# TASK TO COMPLETE
Find the line with "Yongnuo 50mm f" in the entries below, then reproduce it and every line after it down to and including the line with "Image showing a", exactly.

# RAW DATA
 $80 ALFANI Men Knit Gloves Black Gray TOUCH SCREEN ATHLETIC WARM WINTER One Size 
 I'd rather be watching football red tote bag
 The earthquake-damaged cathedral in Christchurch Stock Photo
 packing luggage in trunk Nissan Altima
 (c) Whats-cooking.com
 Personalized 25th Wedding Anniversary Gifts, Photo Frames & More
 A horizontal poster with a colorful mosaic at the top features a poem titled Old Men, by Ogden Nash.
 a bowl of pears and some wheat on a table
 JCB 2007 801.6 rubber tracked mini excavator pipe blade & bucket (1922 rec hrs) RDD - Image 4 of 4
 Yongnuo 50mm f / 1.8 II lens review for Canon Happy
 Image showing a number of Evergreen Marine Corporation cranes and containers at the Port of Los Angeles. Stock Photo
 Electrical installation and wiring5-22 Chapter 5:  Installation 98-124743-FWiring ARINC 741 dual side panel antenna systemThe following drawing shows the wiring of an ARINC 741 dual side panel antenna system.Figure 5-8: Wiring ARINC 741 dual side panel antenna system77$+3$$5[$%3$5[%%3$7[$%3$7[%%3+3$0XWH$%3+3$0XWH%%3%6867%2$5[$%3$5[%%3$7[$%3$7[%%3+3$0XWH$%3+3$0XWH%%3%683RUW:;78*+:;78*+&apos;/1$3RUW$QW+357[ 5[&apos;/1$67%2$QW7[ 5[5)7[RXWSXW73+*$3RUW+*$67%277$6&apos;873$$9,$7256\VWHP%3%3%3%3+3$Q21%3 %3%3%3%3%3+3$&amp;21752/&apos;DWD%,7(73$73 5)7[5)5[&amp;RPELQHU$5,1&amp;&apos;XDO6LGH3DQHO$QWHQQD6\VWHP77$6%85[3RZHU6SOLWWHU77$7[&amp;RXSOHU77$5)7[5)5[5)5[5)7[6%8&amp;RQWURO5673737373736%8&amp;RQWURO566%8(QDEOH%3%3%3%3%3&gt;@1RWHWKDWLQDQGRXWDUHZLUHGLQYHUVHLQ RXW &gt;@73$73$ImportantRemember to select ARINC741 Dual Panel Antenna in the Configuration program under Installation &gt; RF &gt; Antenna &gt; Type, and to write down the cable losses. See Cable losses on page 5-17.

# EXPECTED ANSWER
 Yongnuo 50mm f / 1.8 II lens review for Canon Happy
 Image showing a number of Evergreen Marine Corporation cranes and containers at the Port of Los Angeles. Stock Photo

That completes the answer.